* **INPUT RECORDS**:
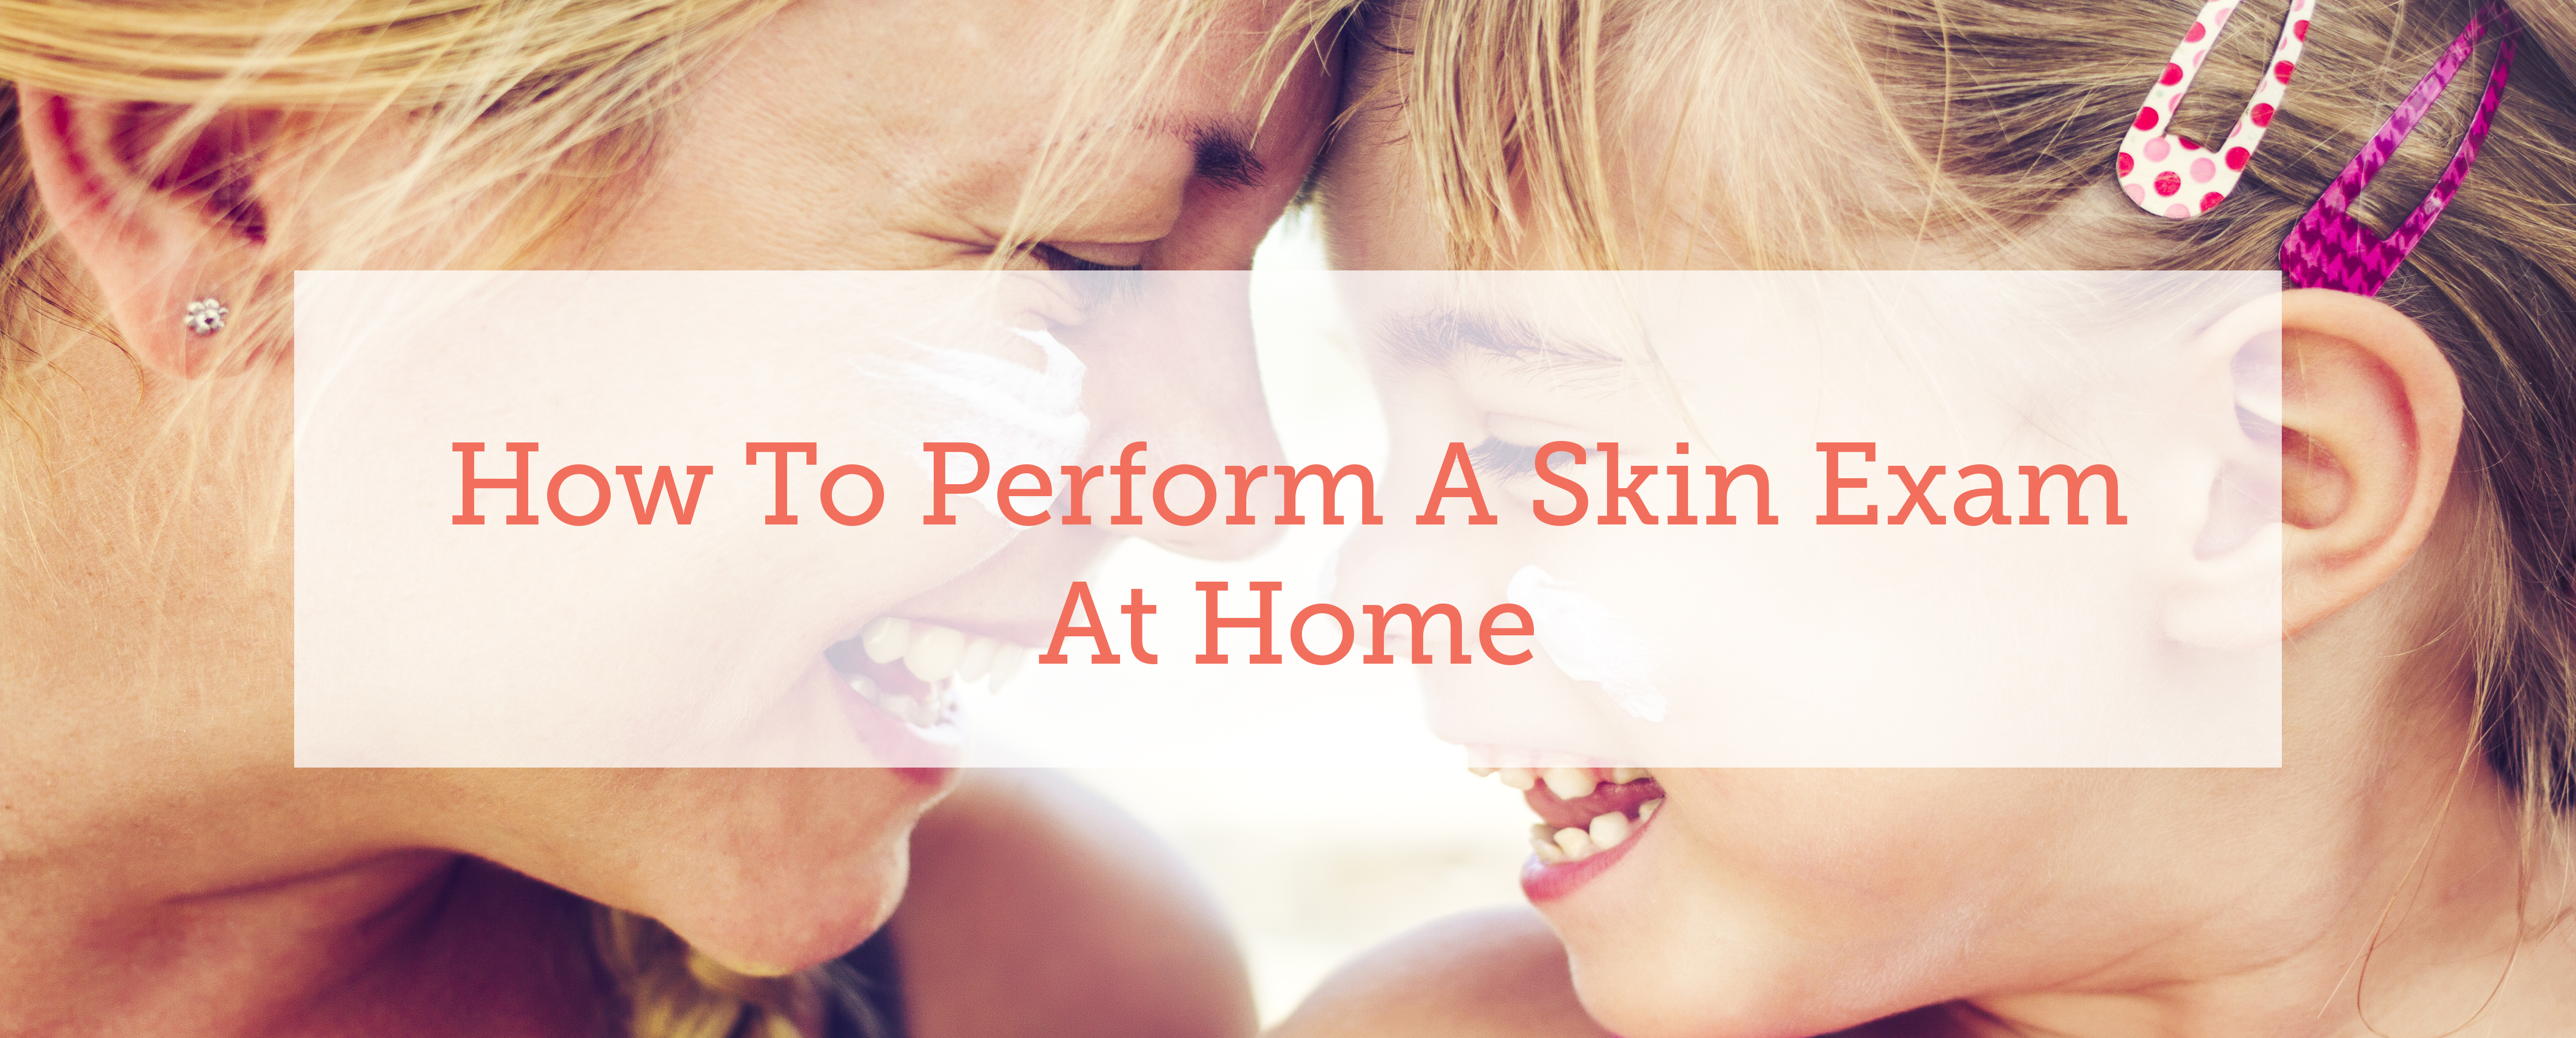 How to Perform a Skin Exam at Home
...
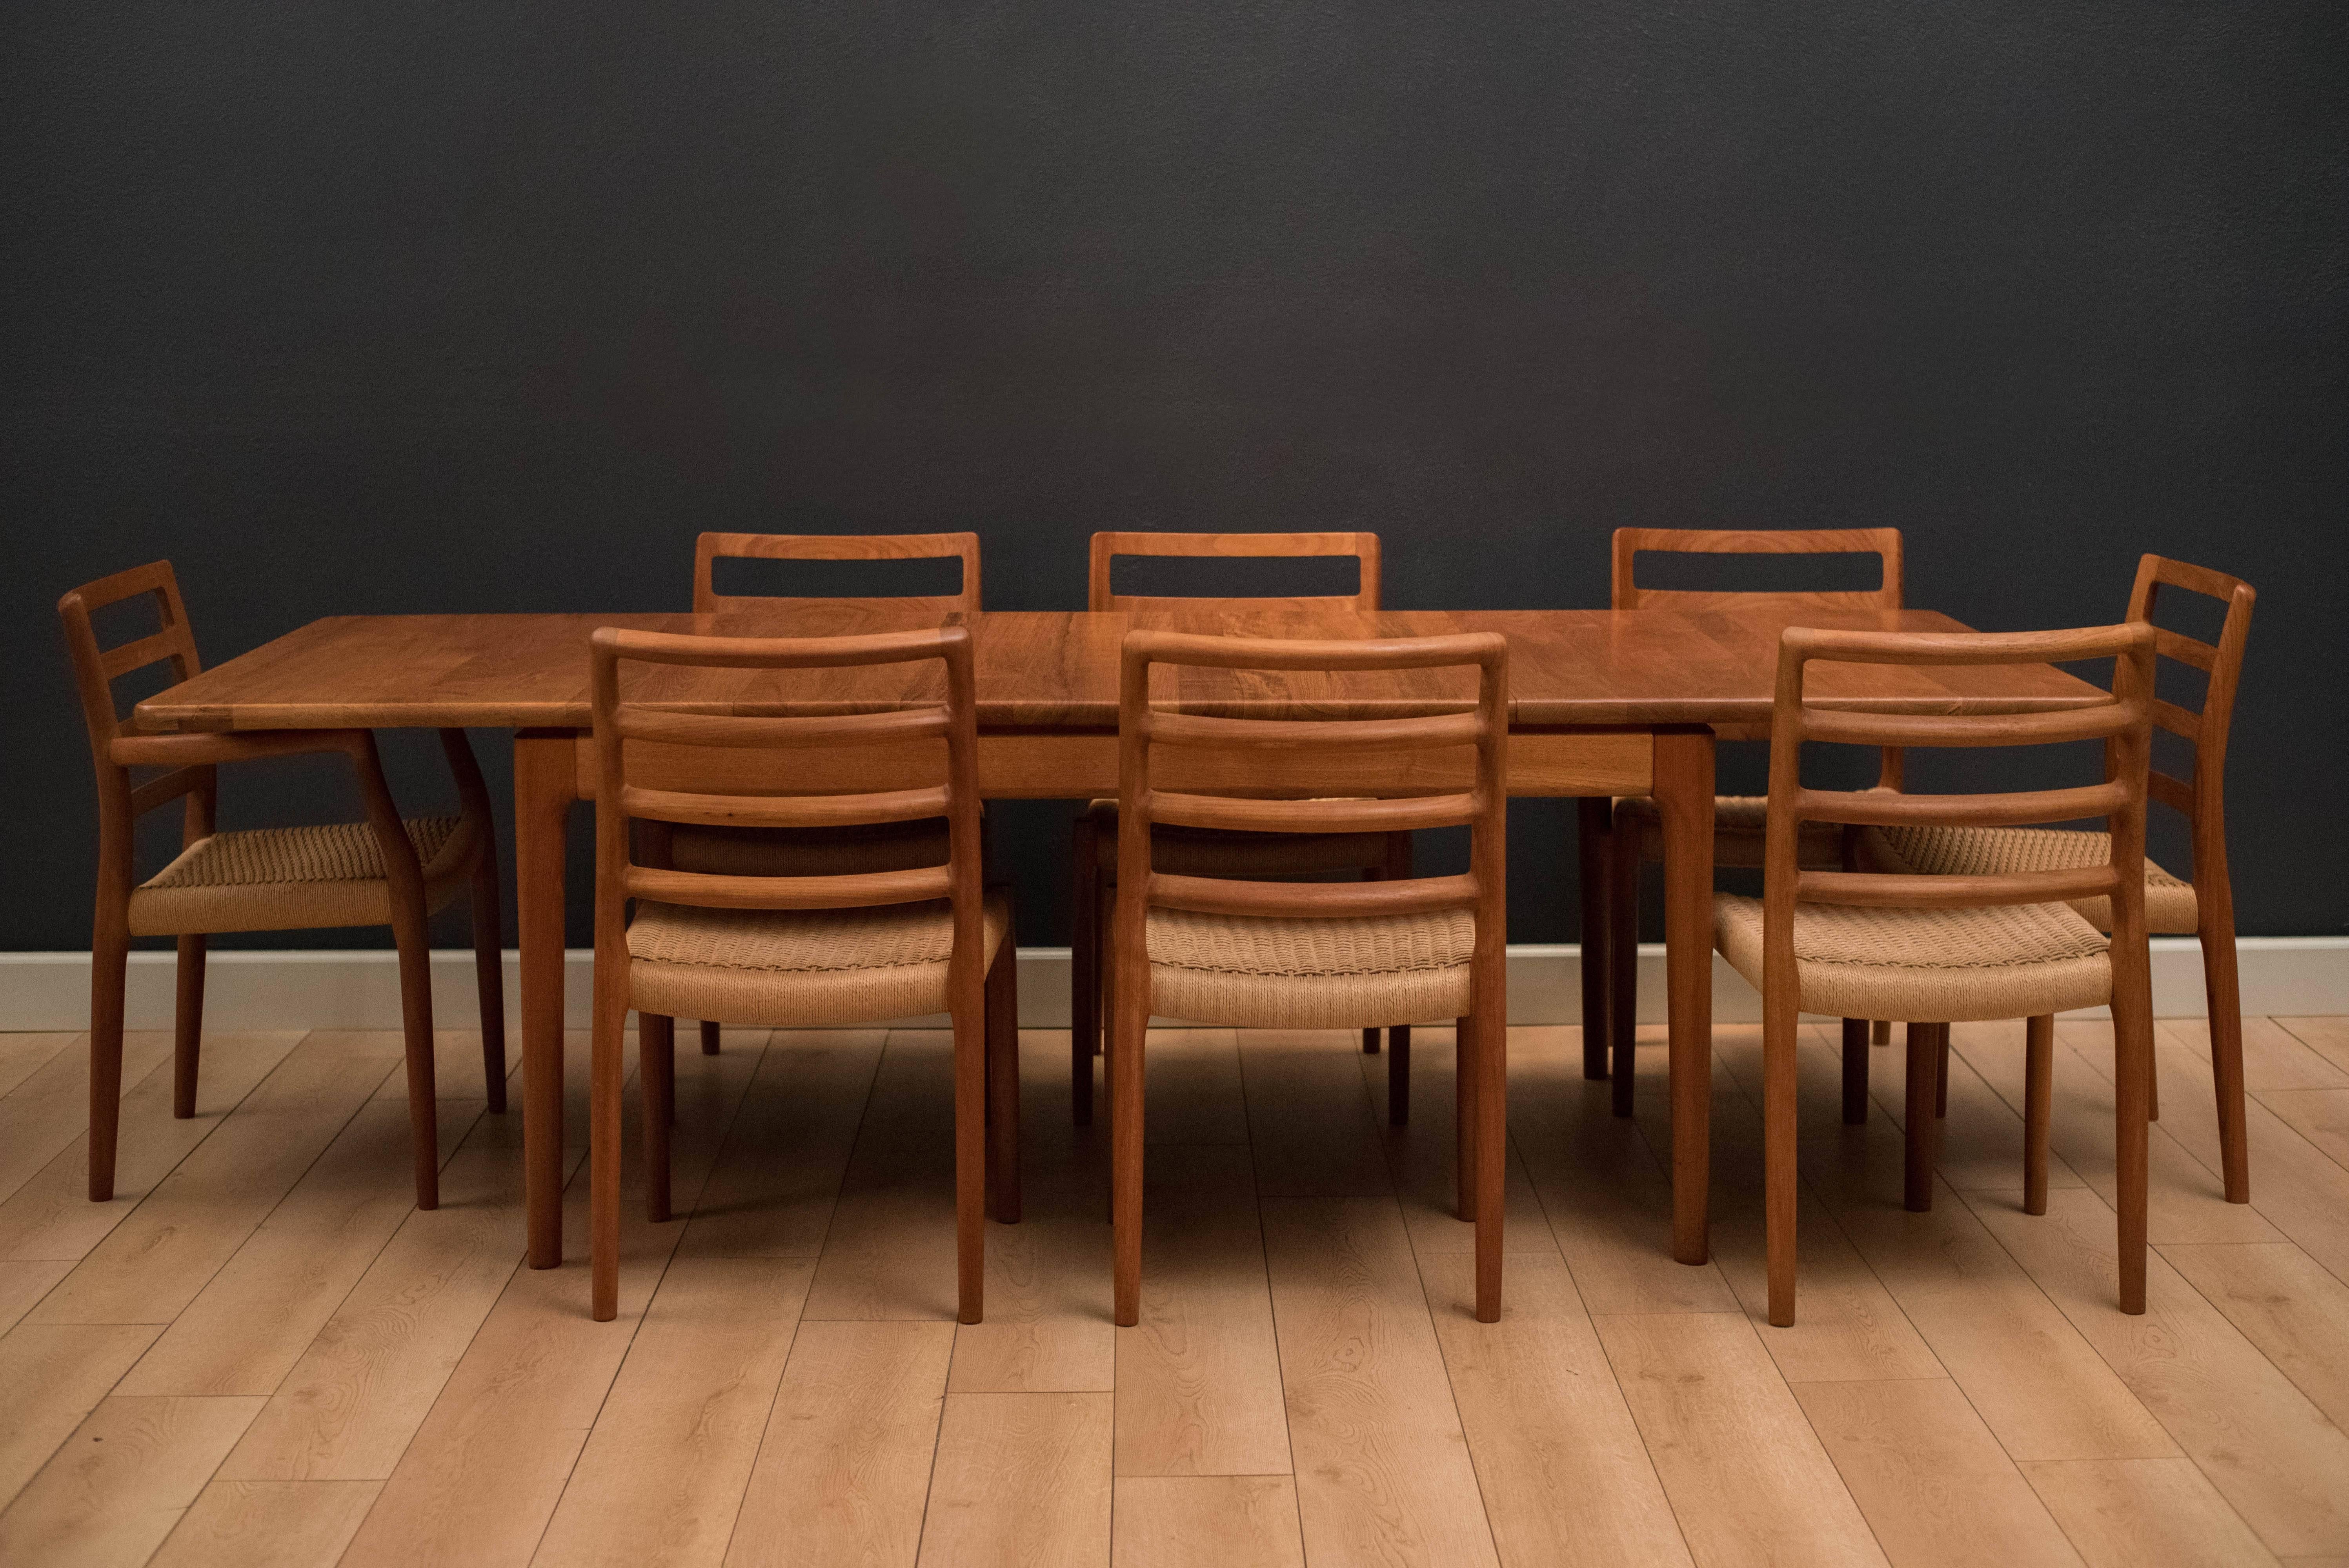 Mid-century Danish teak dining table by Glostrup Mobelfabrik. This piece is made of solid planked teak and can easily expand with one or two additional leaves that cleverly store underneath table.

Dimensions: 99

* **DIRECTIONS FOR THIS TASK**: What to print is the stretch of entries from the line with "Mid-century Danish teak" up to and including the line with "Dimensions: 99". Please print it exactly and leave out the pictures.

* **WRITTEN REPLY**:
 Mid-century Danish teak dining table by Glostrup Mobelfabrik. This piece is made of solid planked teak and can easily expand with one or two additional leaves that cleverly store underneath table.

Dimensions: 99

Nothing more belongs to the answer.